Definitely, there's a large supermarket (Choithrams), a few coffee shops (Costa and Caribou), several restaurants (Nando's, KFC, Wagamama and a few others I can't remember). Some of the bars/restaurants/salons in TECOM will be walking distance too.


----------



## wandabug (Apr 22, 2010)

jjr said:


> Hello - thanks for your help.
> Does the rent 50-55k include DEWA? If not, how much is it per year?
> And is possible to find a flat without agent's fees?


DEWA is extra - allow dhs.150-250 a month. + 5% of your annual rent for housing fee (paid monthly and added to your DEWA bill).
Yes it is possible to find properties advertised directly from the landlord and thus avoid paying an agent's fee. Of course you know all the legalities of renting in Dubai and know how to make sure that the person you are handing over all that money to is the legal owner of the property. You know how a legal Tenancy Agreement should be worded, and you know how to register your tenancy Agreement with the relevant dept to ensure that you are renting legally!!! Or you could pay the 5% agency fee and not risk being ripped off.
99% of rentals are listed through agencies.


----------



## Tropicana (Apr 29, 2010)

wandabug said:


> Or you could pay the 5% agency fee and not risk being ripped off.


sadly too many people are ripped off even when they use agents...


----------



## jjr (Aug 28, 2011)

Sadly true.
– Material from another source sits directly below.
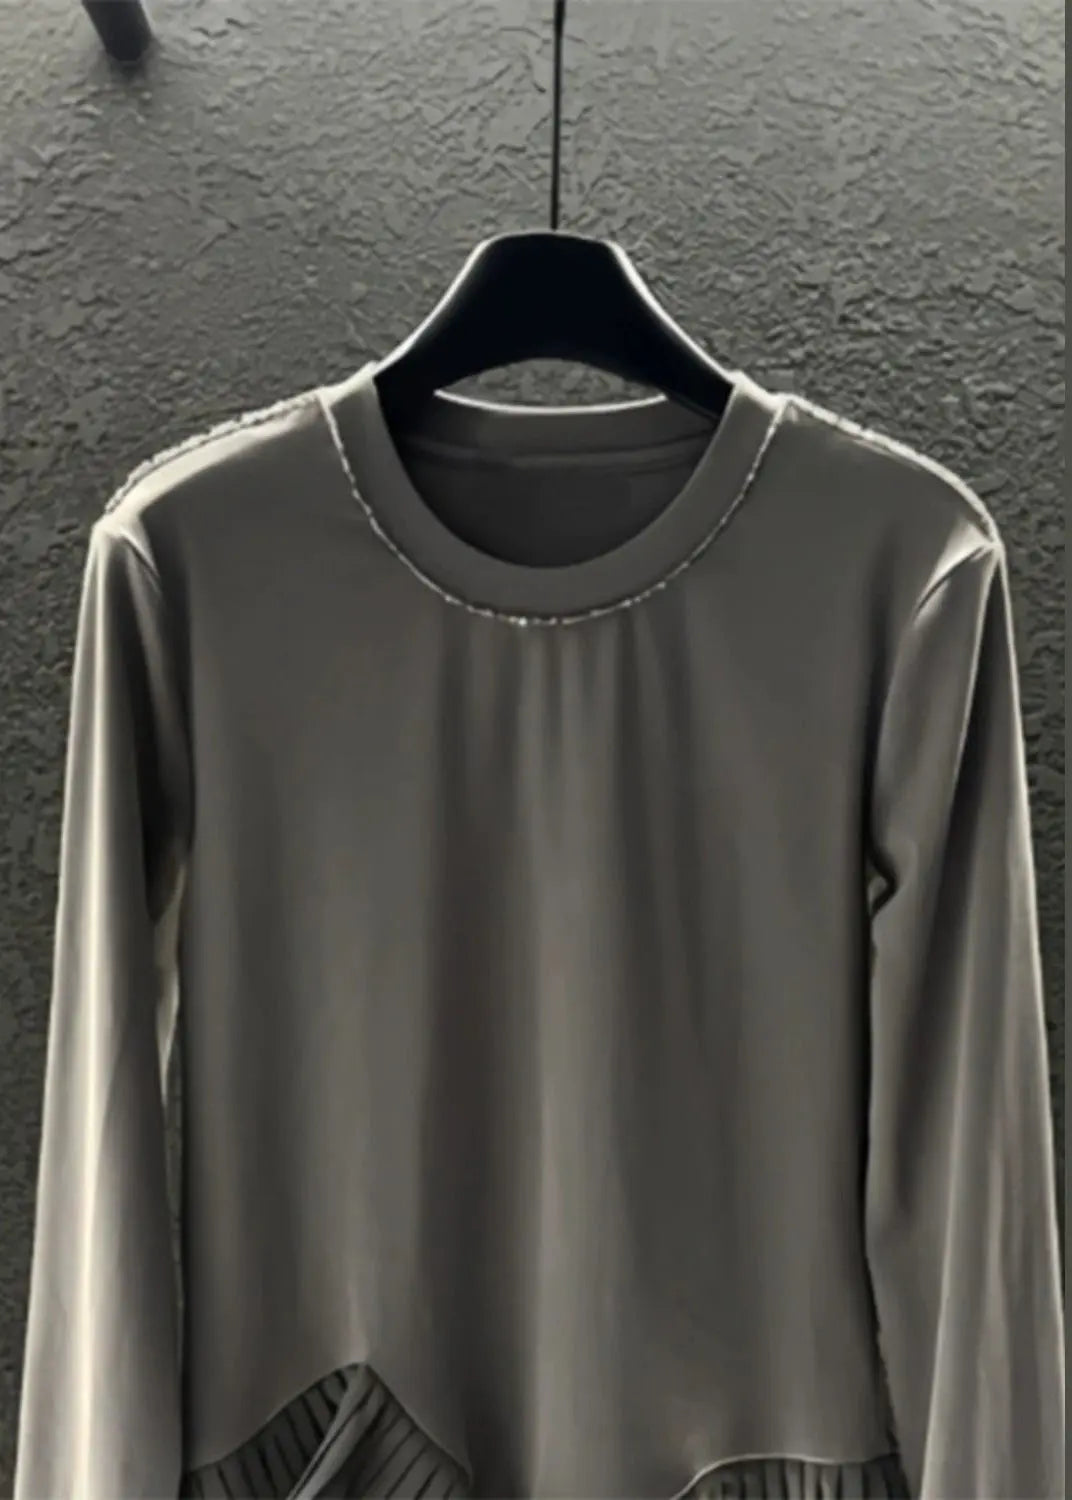 DIY Grey Asymmetrical Patchwork Wrinkled Cotton Sweatshirts Top Spring Ada Fashion
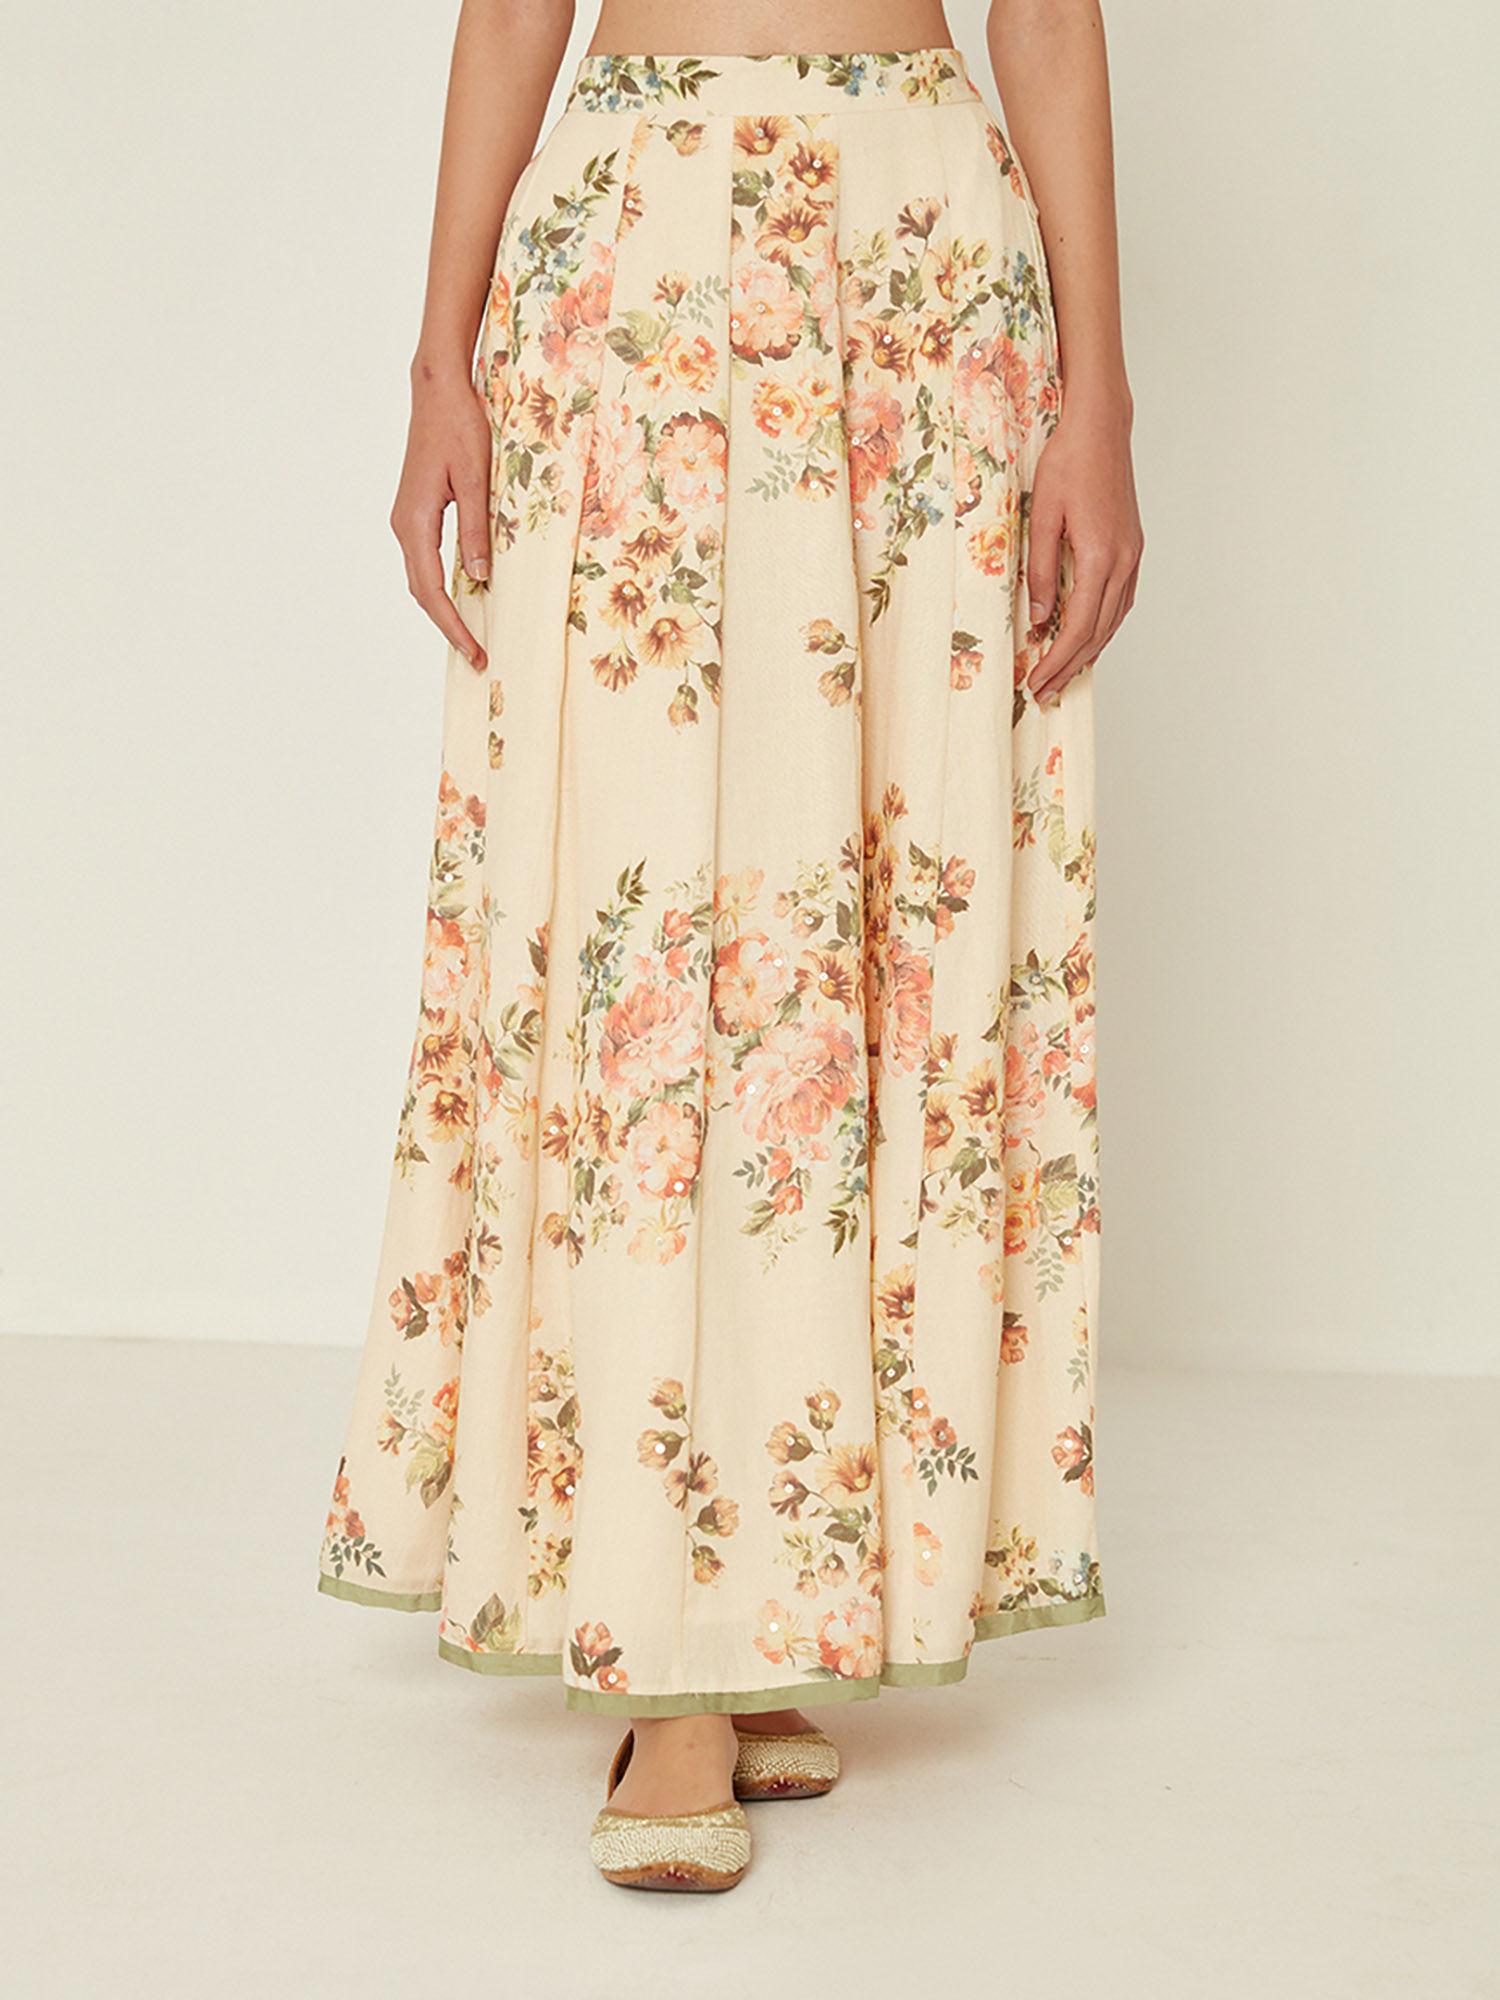 beige floral printed skirt

Do you know some good ones where is risk lower? Thank you!


----------



## jjr (Aug 28, 2011)

Does anybody know good property agents who can help to find long term rental property before the arrival to Dubai? Flat would be ideally located in Greens & Views or in JTL.
Thanks in advance.


----------



## wandabug (Apr 22, 2010)

jjr said:


> Does anybody know good property agents who can help to find long term rental property before the arrival to Dubai? Flat would be ideally located in Greens & Views or in JTL.
> Thanks in advance.


There is very little you can do before you arrive. You need your residency permit (or a letter stating that it is under process) and a UAE bank account before you can sign a Tenancy Agreement. Neither of these can be obtained before you arrive.There is plenty of properties for rent. Wait til you arrive and then view plenty of apartments before deciding. Check out Dubizzle in the meantime but nothing beats actually viewing.


----------



## jjr (Aug 28, 2011)

*realtors in Dubai*

Thanks lot - got it. But what about some agency you can recommend to work with? Is there such eg. Better Homes etc?


----------



## Gavtek (Aug 23, 2009)

They're all as bad as each other. The right property for you is the one they're showing you and the one that will give them their commission cheque.

You're best off doing your own research and relying on these people as little as possible. They'll still expect their commission cheque from you though.


----------



## jjr (Aug 28, 2011)

Thanks but do you know other good source besides Dubizzle?


----------



## Gavtek (Aug 23, 2009)

There's Dubai Real Estate, Dubai Property, Abu Dhabi Properties For Sale - propertyfinder.ae but a lot of the adverts can be unreliable.

It's a horrible process and I'm absolutely dreading going through it again later this year.


----------



## jjr (Aug 28, 2011)

So best wishes to both of us as I guess we will need it  Thanks for your tips!


----------



## jjr (Aug 28, 2011)

BTW what do you think about Green Community? Is it nice?


----------



## Gavtek (Aug 23, 2009)

Very nice, quite far away from all the action though and the entrance/exit is a nightmare. Would prefer somewhere closer to the sea.


----------



## wandabug (Apr 22, 2010)

jjr said:


> BTW what do you think about Green Community? Is it nice?


Very nice but you'll need a car.


----------